Hazleton Public Transit (HPT) is a provider of public transportation and demand response service for persons with disabilities for the city of Hazleton, Pennsylvania and its surrounding area.

Routes

All services originate at Church Street Station, an intermodal center located at 126 Mine Street in Downtown Hazleton.  Services operate on a Monday through Friday schedule, however, a modified Saturday schedule, and a modified Sunday schedule operate into key travel locations on those days.

Route are as follows:

 5:  Humboldt Industrial Park
 10:  Hazleton Heights
 20/30:  McAdoo/Kelayres/Beaver Meadows/Weatherly
 40:  Freeland
 50:  Northeast Diamond
 60:  Northwest Diamond
 70:  West Hazleton
 80:  Hazle Marketplace
 90:  Penn State
 95:  Summer Loop
 100:  Sunday Loop
 110:  Saturday Loop
 Wilkes-Barre Shuttle

Bus Fleet

HPT operates with a mix of smaller cutaway style vans and conventional transit style buses to transport passengers.

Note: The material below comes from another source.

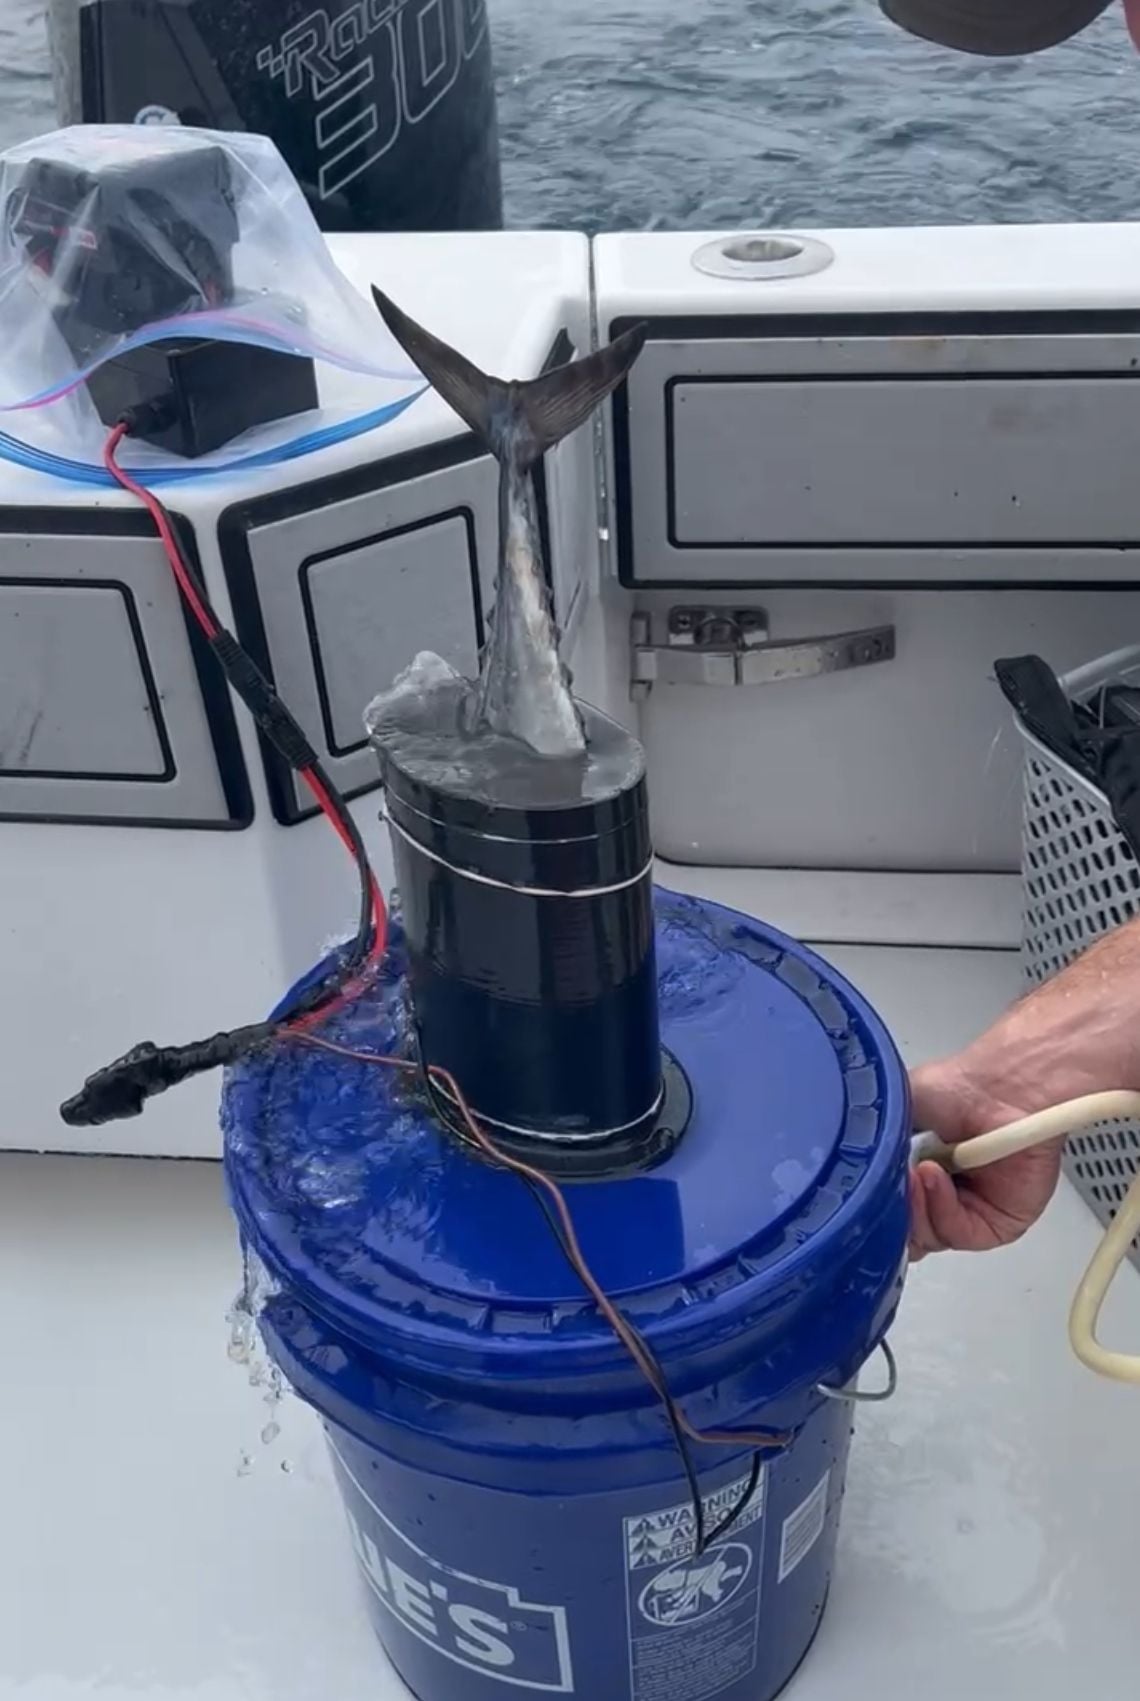 3d printed tuna tubes. - The Hull Truth - Boating and Fishing Forum

Presently, HPT operates using Gillig buses including the Low Floor and Phantom models, and Ford E-450 cutaway vans for conventional bus service.

Connections with other agencies

HPT connects with the Luzerne County Transportation Authority at the Wyoming Valley Mall  and Mohegan Sun Casino; Schuylkill Transportation System at McAdoo; and Fullington Trailways in Hazleton at the Church Street Station.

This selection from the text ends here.